Issue1.雪うさぎの約束
「……つまり、です。このシュレディンガー方程式は電子の挙動の記述に役立つ。一般的な物体では運動方程式によってその挙動の記述が可能ですが、電子の場合ではそうはいかない。……」
とある大学の、昼前の講義室。工学部の一年生に対して行われる、物理化学の講義。たくさんの学生がいる前で、まだ若い教員がそう説明していた。若く顔立ちもいいことから主に女子学生に人気な教員だが、少し変な点があるとすれば雪のように真っ白な髪をしているところだろうか。そのことに触れようとする学生はいない。何かとんでもない秘密を抱えているのでは、と皆いろいろ考えるのだ。

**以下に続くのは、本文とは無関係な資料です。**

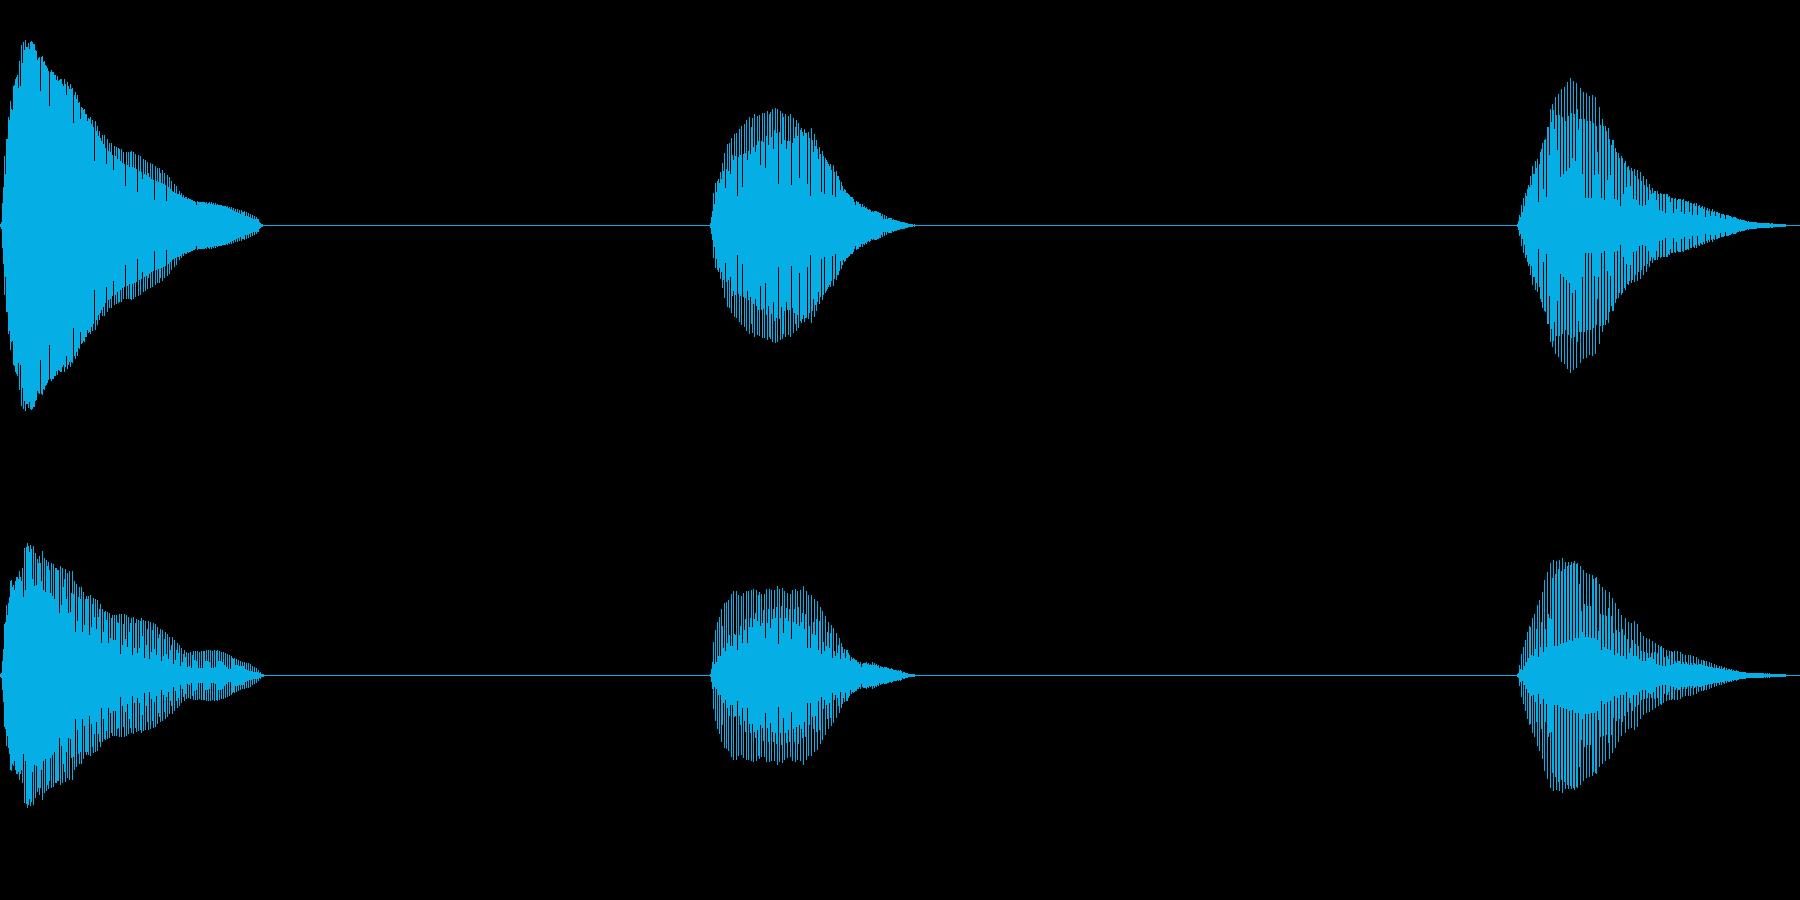 おならを小出しに3発出した音の再生済みの波形
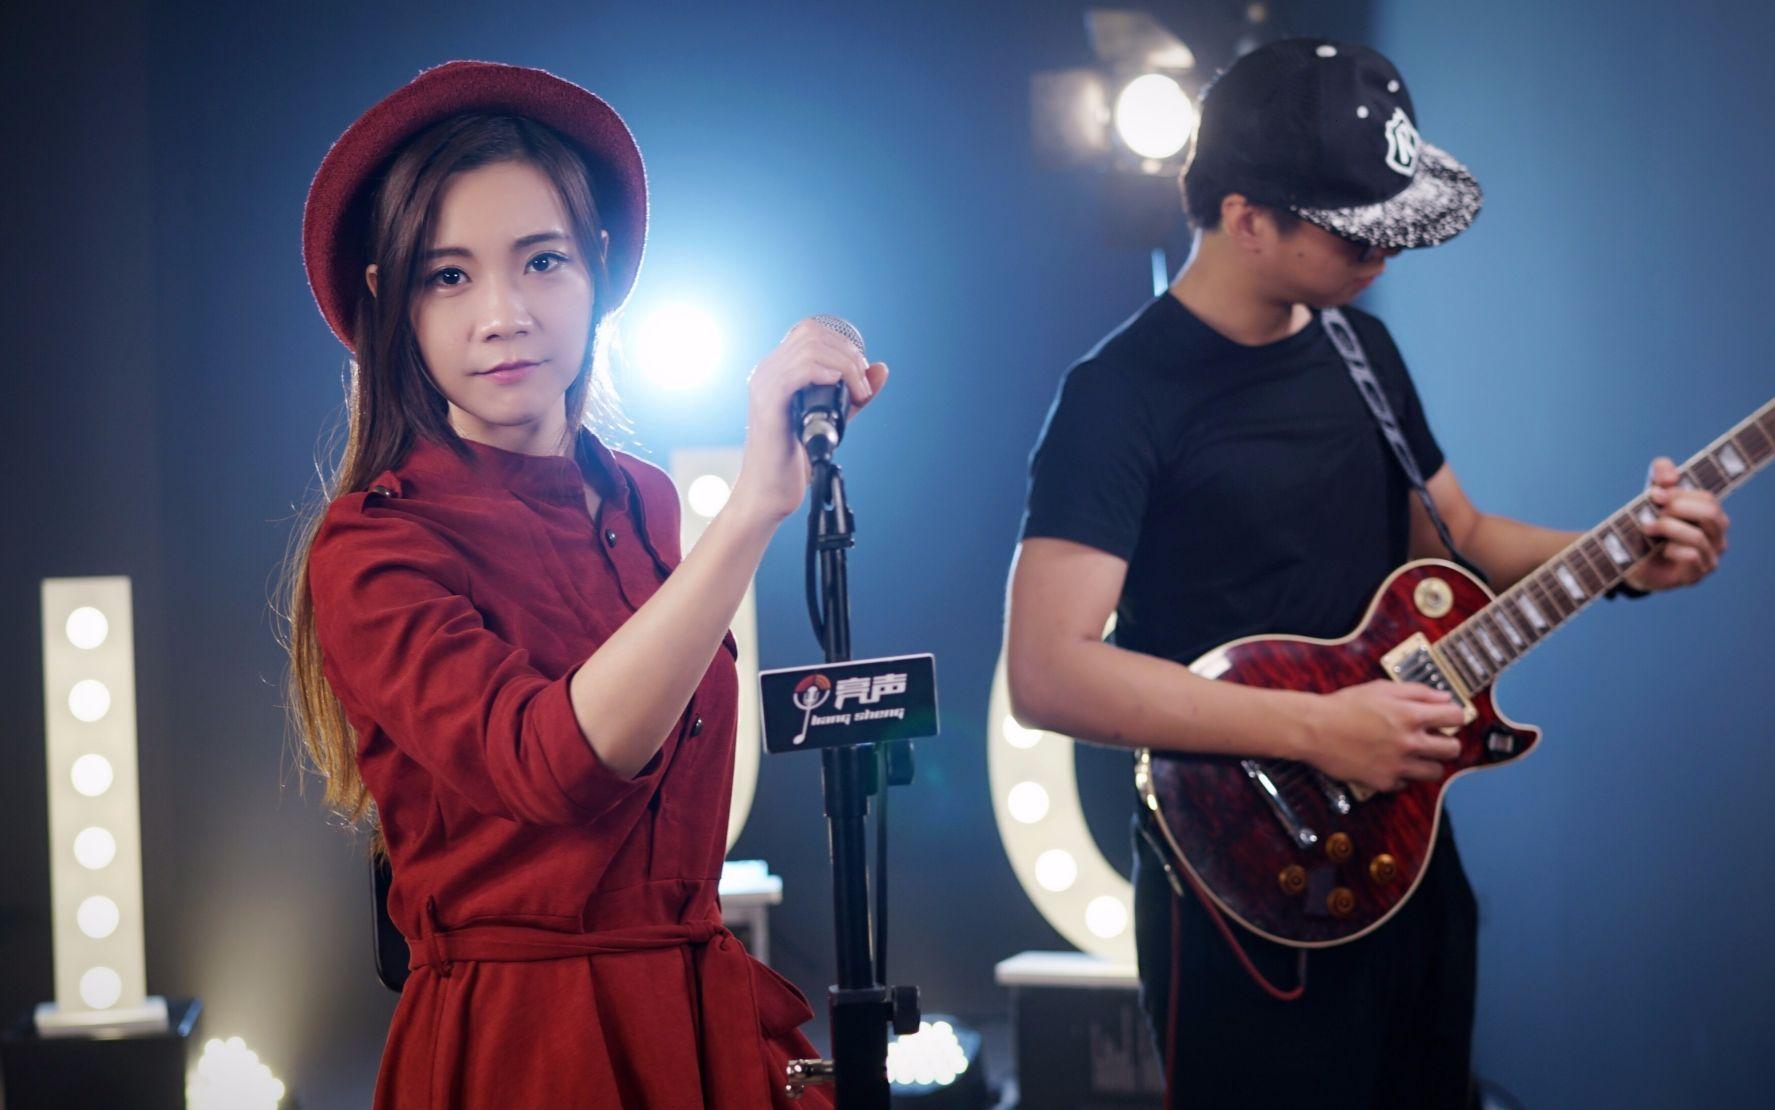 女声翻唱 《我们不一样》粤语版本 热血沸腾

「今日はここまで。次からは電子の挙動が関係する、半導体について見ていこう」
講義時間終了の合図であるチャイムを聞き、彼はそう言ってこの日の講義の締めとした。そして器用に講義資料を映し出していたプロジェクターの片付けを終わらせ、質問に来る学生がいないことも確かめて、すぐに教室を出た。彼がまっすぐ向かった先は、そこから少し歩いたところにある部屋。大きくて無機質な機械たちが幅を利かせ、人の通るところの方が少ないのではないか、と思わせるほどのその部屋が、彼の居室だ。
彼の名前は、
「パパおかえりー」
「うん、ただいま。大人しくしてたか?」
彼は娘を前にすると急に甘くなってしまう。結婚五年目でようやく授かった我が子ということもあって、かわいがらずにはいられないのだ。
「おとなしー」
「そうかそうか。パソコンも、変なことしていないか」
彼の居室に置いてあるパソコンはいくつかあるが、講義の際に持ち出す用のパソコンを娘にいじられてしまい、講義資料が一部消えていたことがあった。それ以来カギのかかる引き出しで管理するよう彼も気を付けているのだが、娘のことだからカギを開けてしまうかもしれない、とも思っていた。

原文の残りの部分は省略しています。